**Exercise directions**
Each line from the one containing "Drawing Flowers Greetings" through the last line of the data below should be printed exactly, please, with any pictures omitted.

**Provided data**
---*---

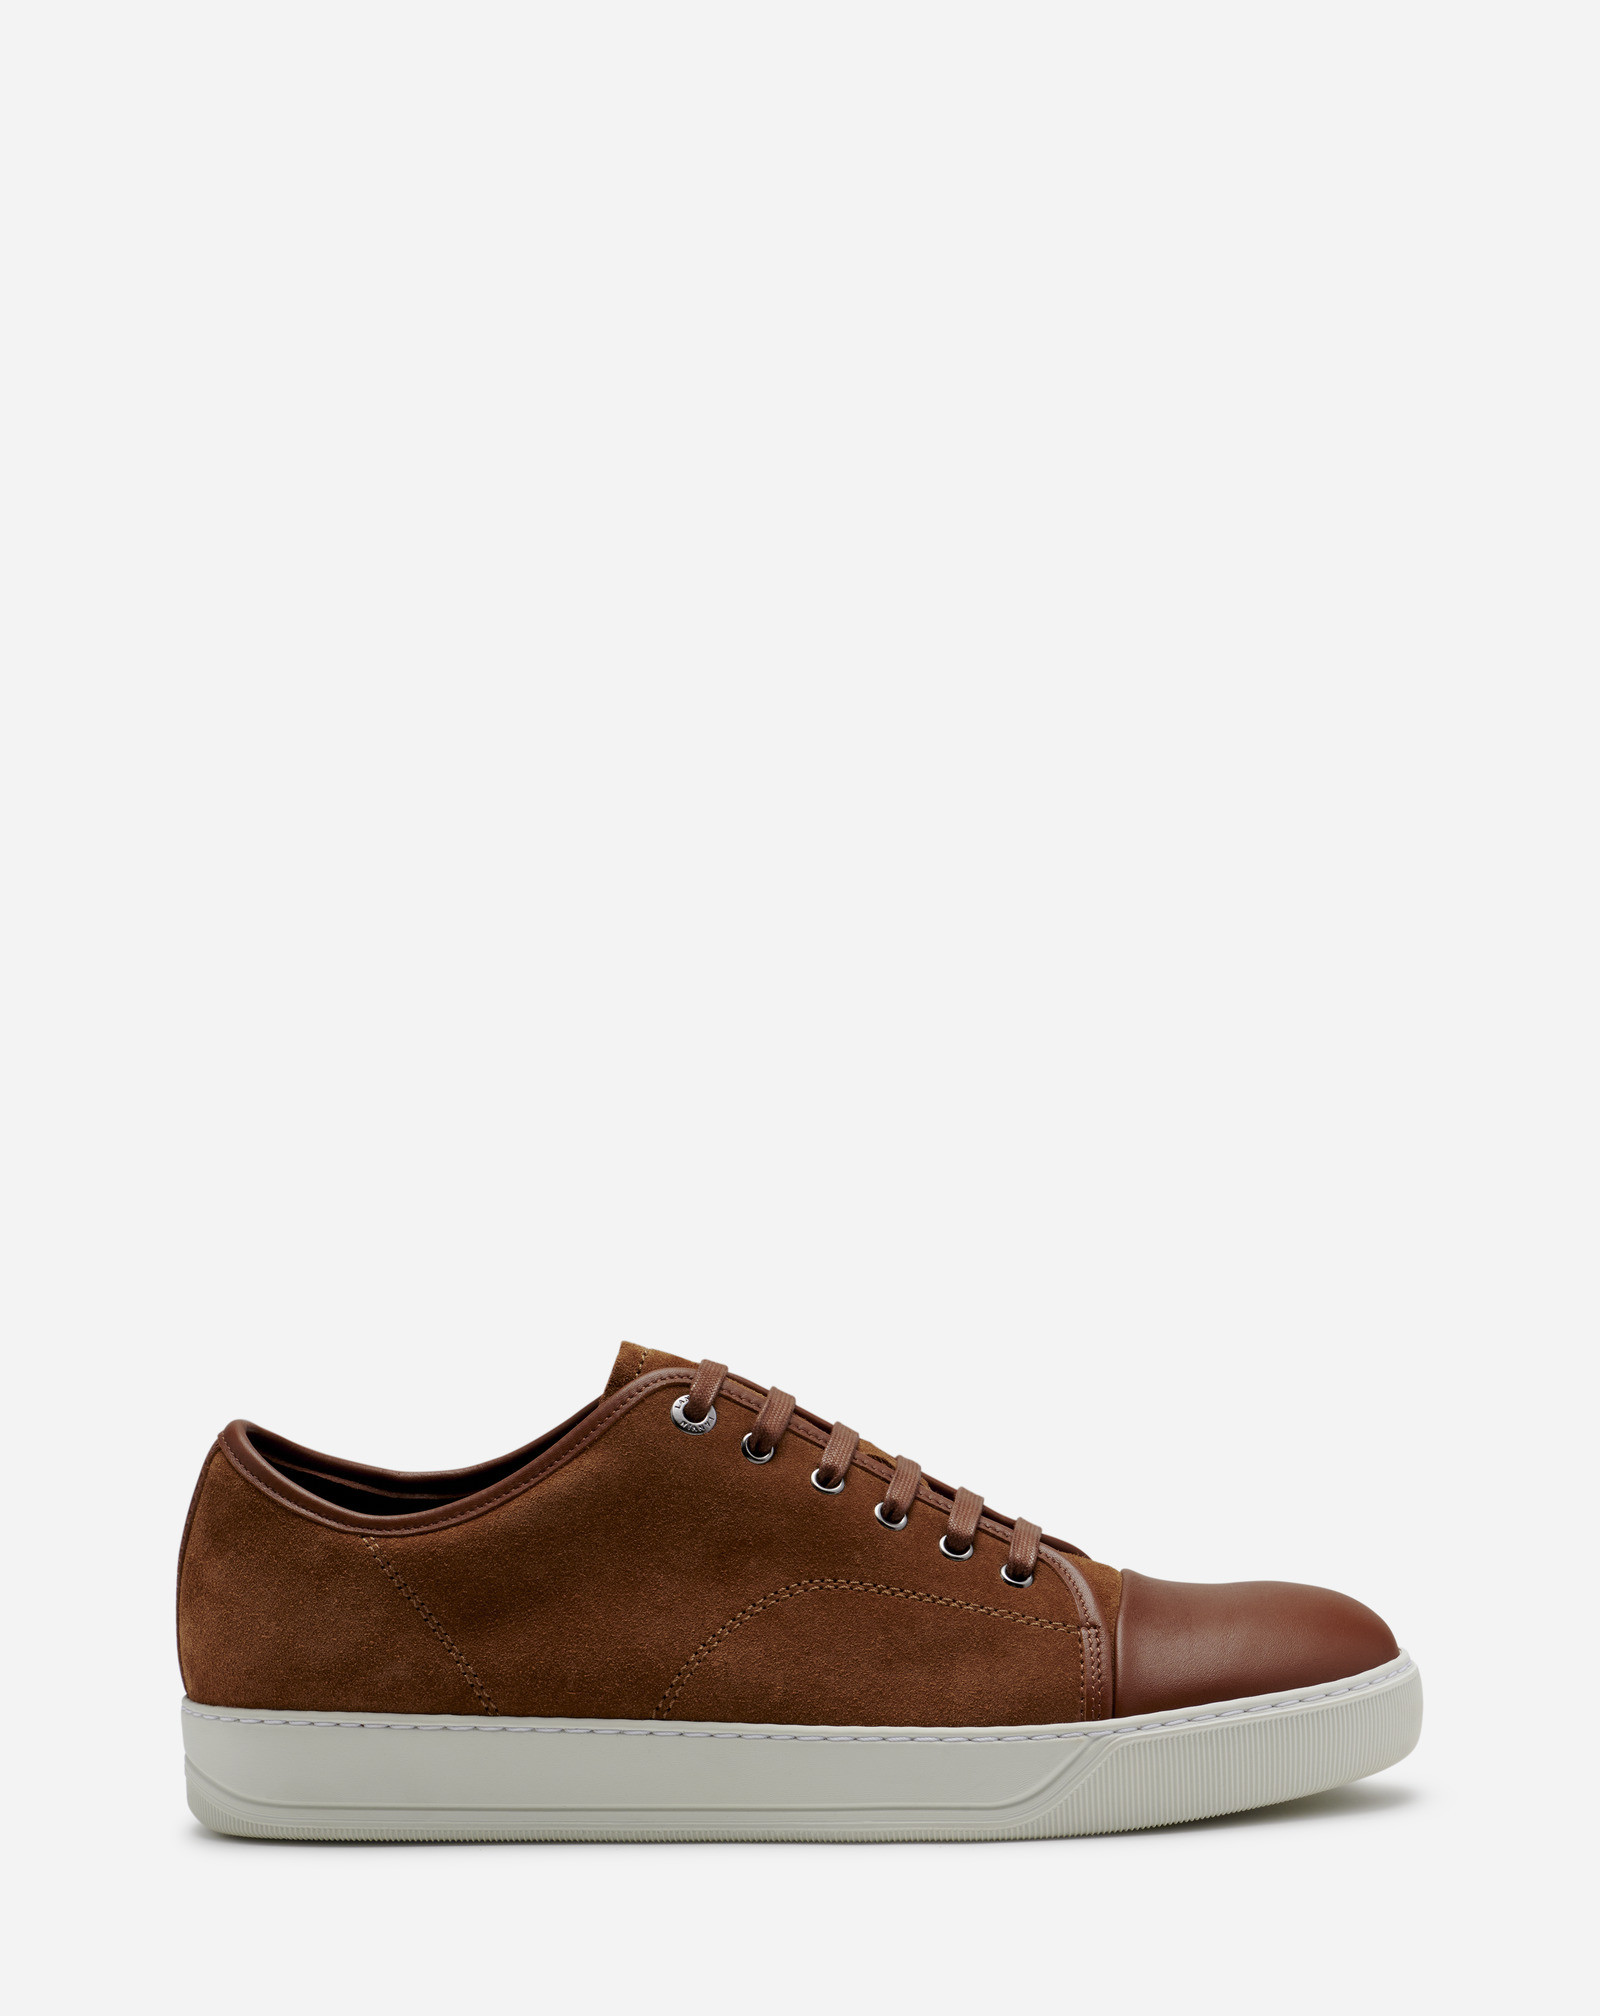 Dbb1 Leather Suede Sneakers Brown | Lanvin
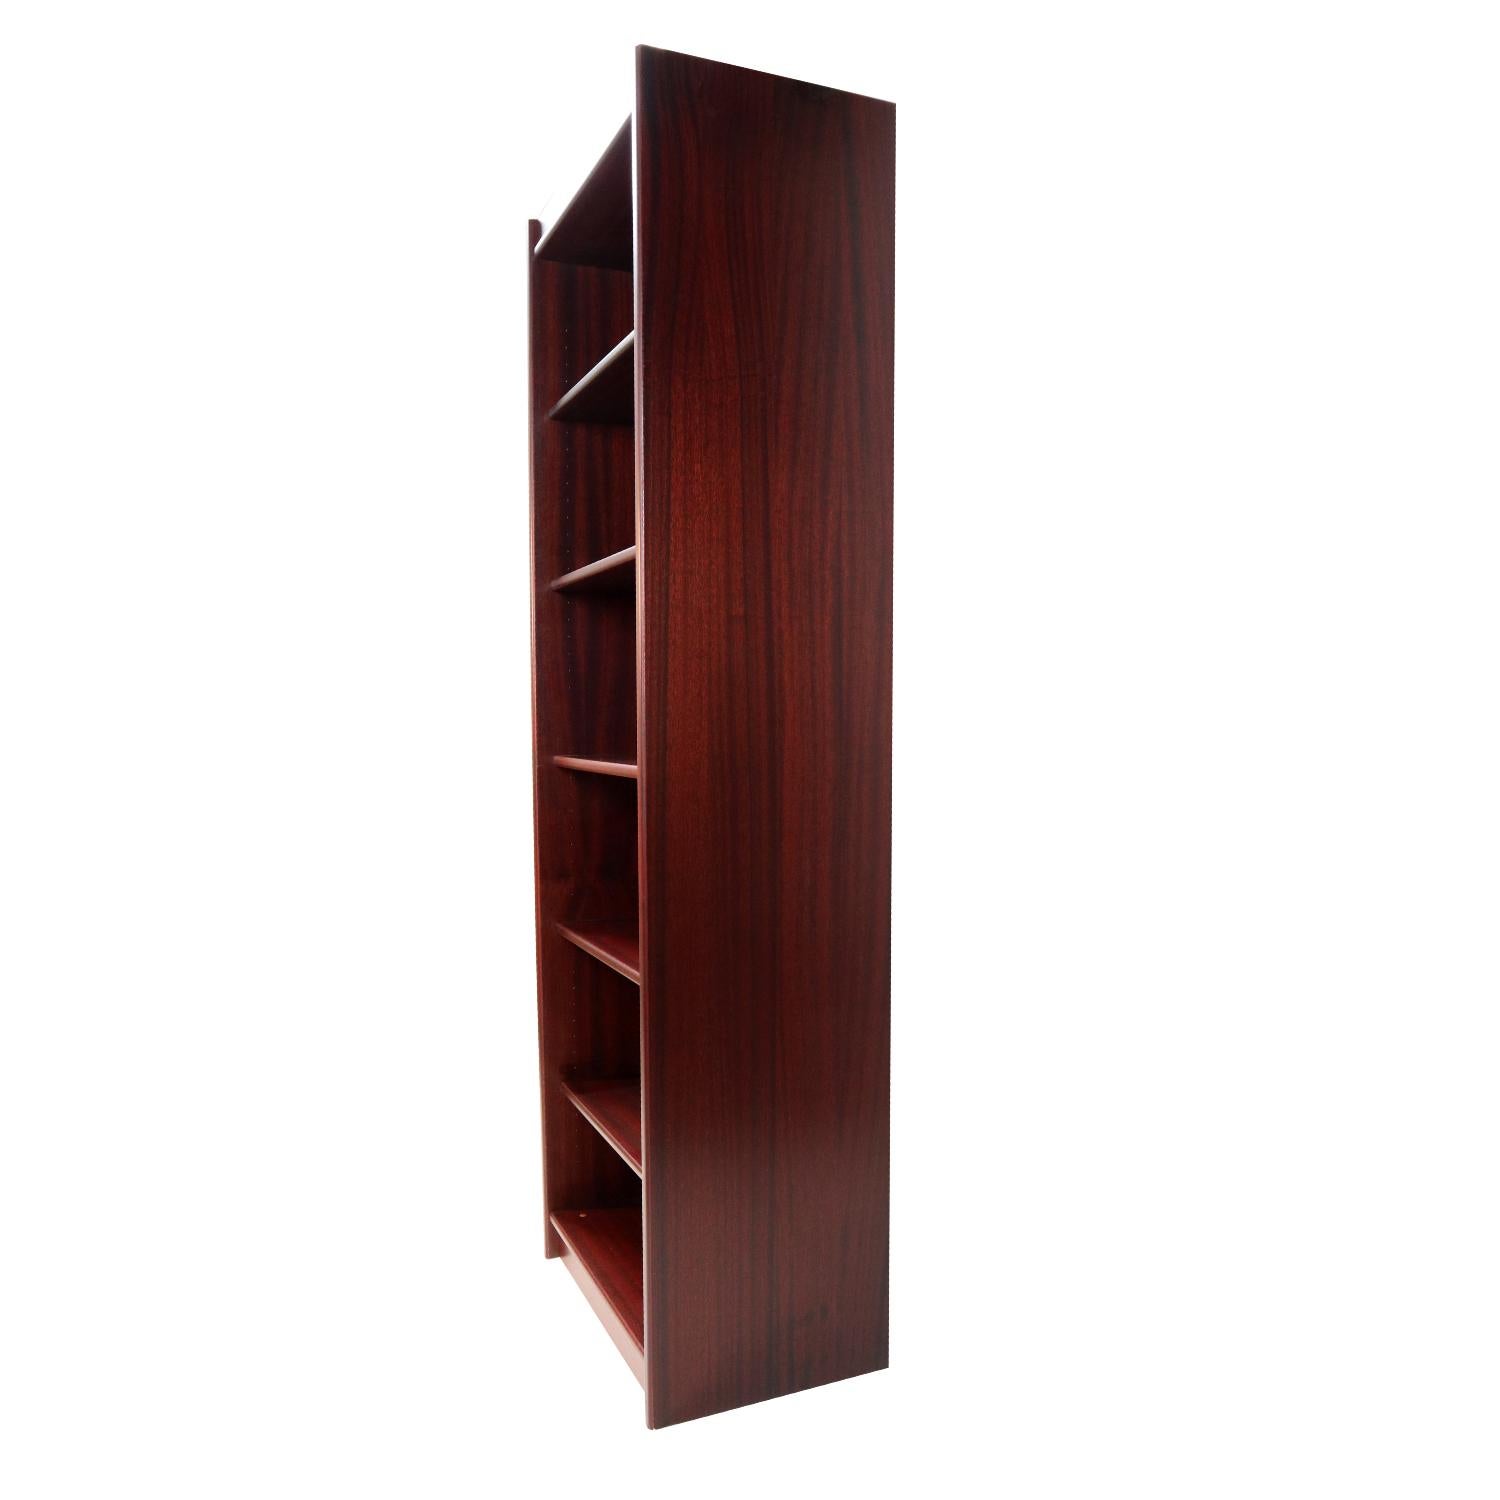 Exceptionally crafted Danish modern rosewood bookcase with adjustable shelves. This bookshelf is unusual for it’s narrow dimension. The width is 24.75? wide, much slimmer than a typical bookcase. The slender size lends itself to versatility. The
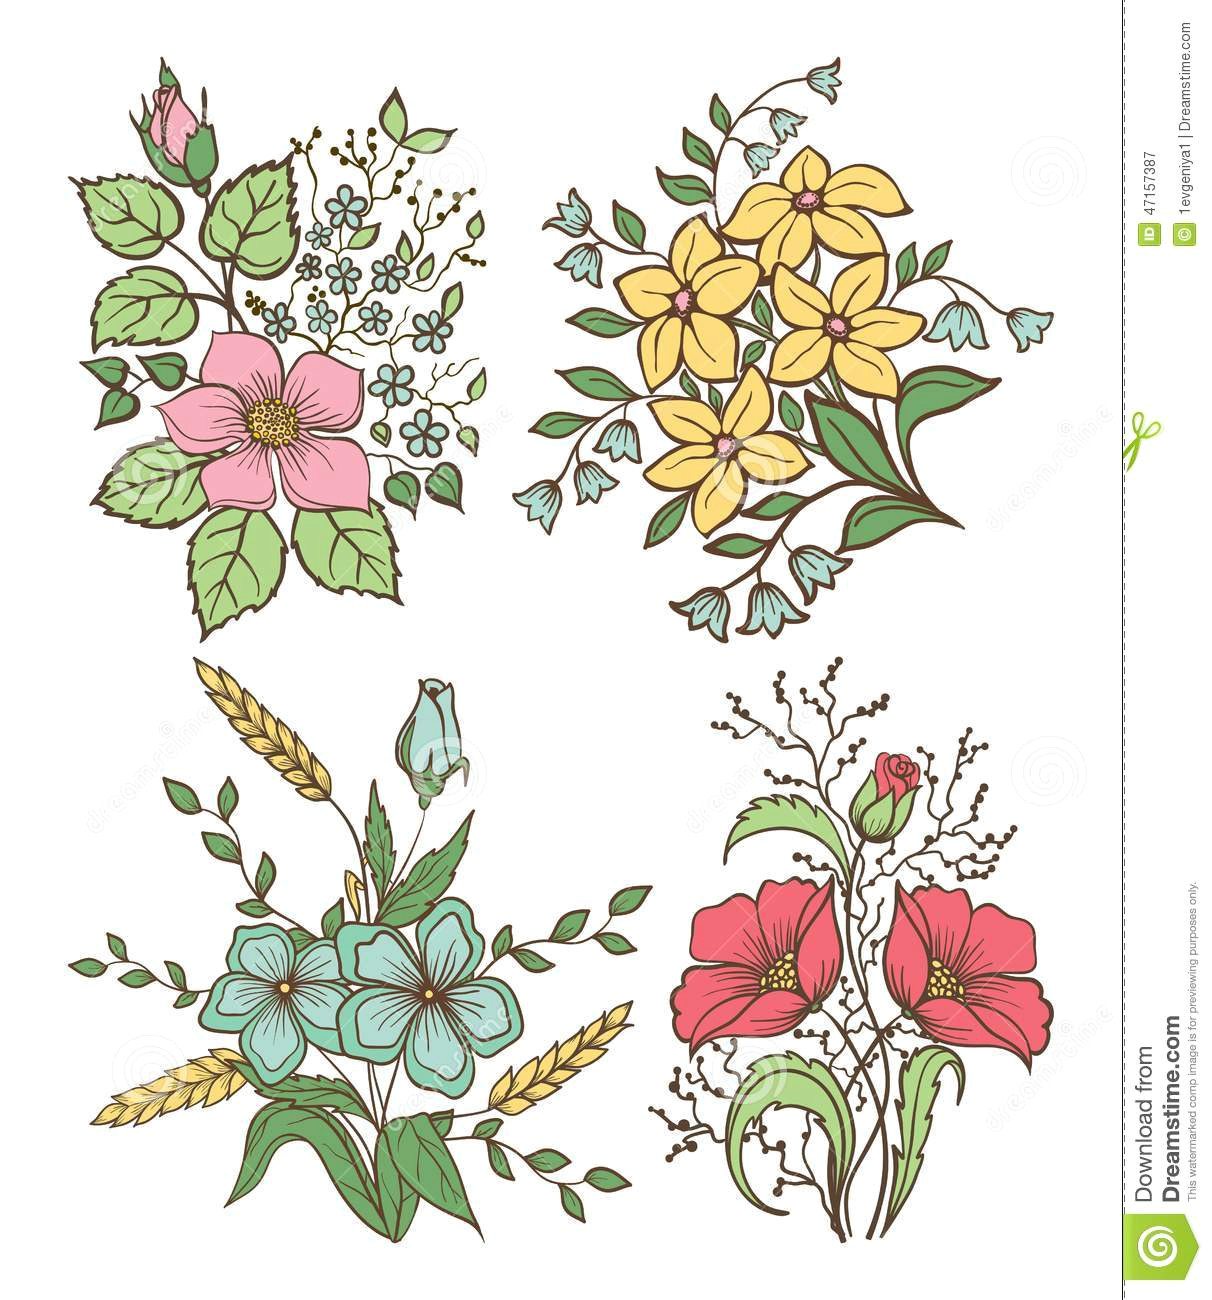 Drawing Flowers Greetings Vector Flowers Set Colorful Floral Collection with Leaves and
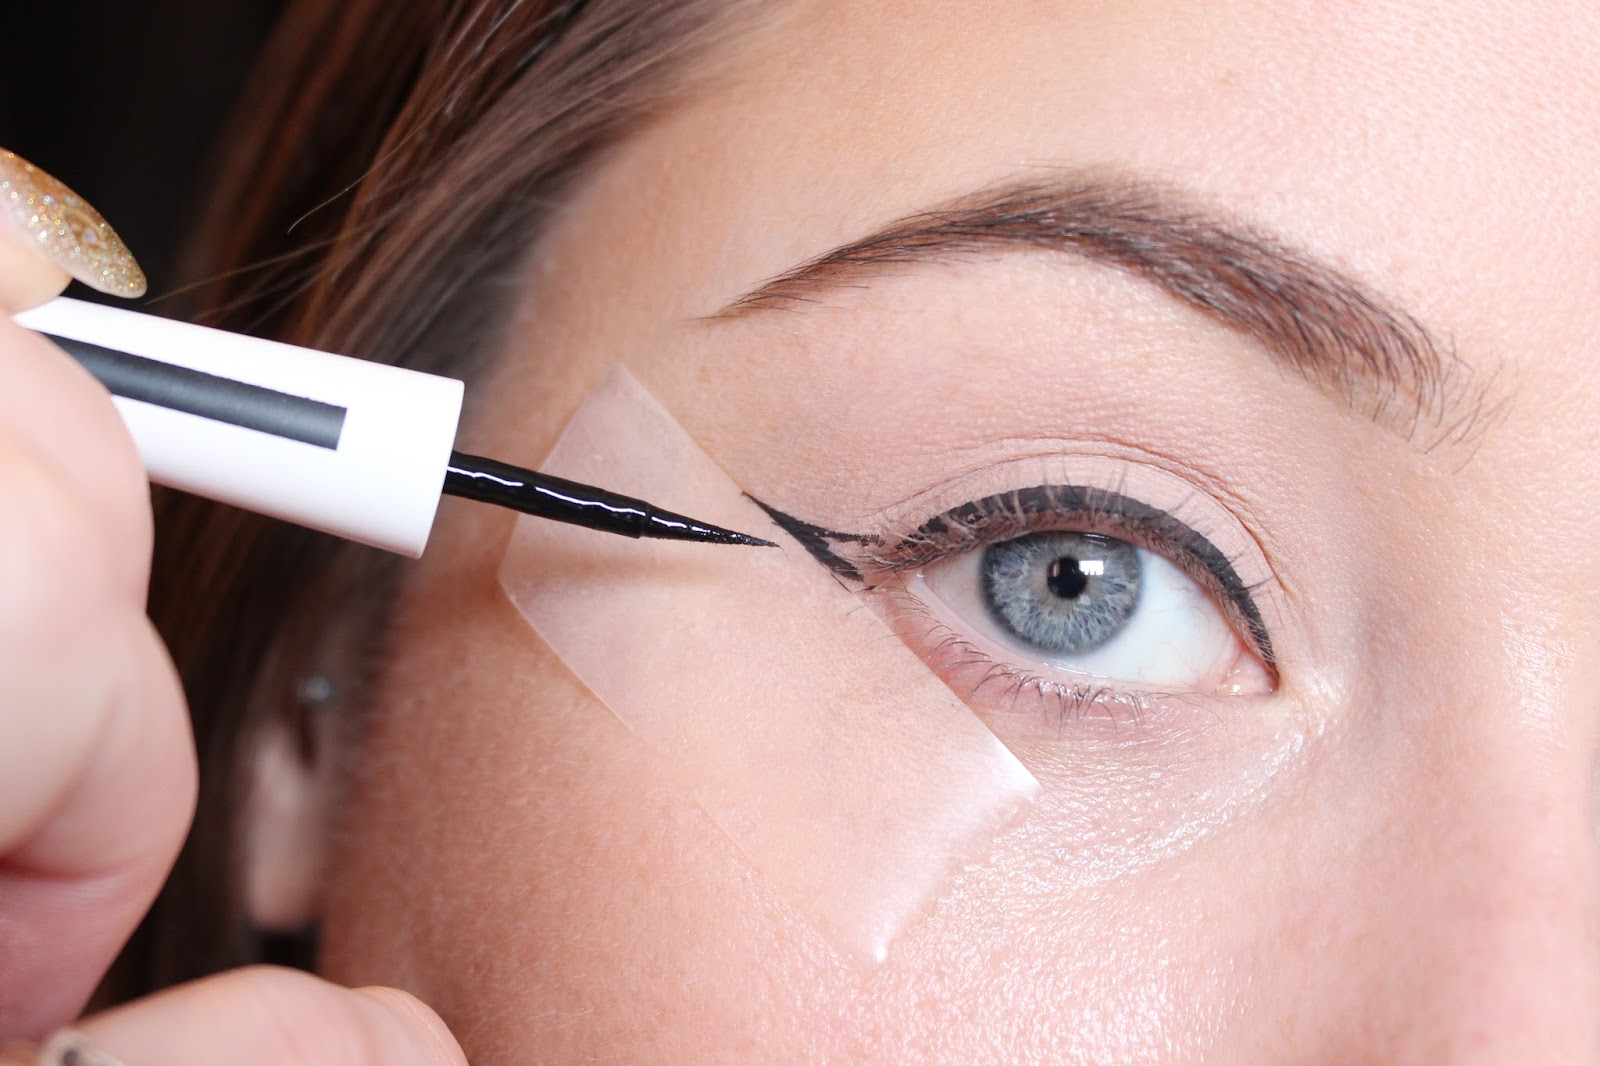 Makeup Tape Eyes The Sticky Trick For Perfect Winged Eyeliner British Beauty Addict

---*---

**Answer space**
 Drawing Flowers Greetings Vector Flowers Set Colorful Floral Collection with Leaves and
 Makeup Tape Eyes The Sticky Trick For Perfect Winged Eyeliner British Beauty Addict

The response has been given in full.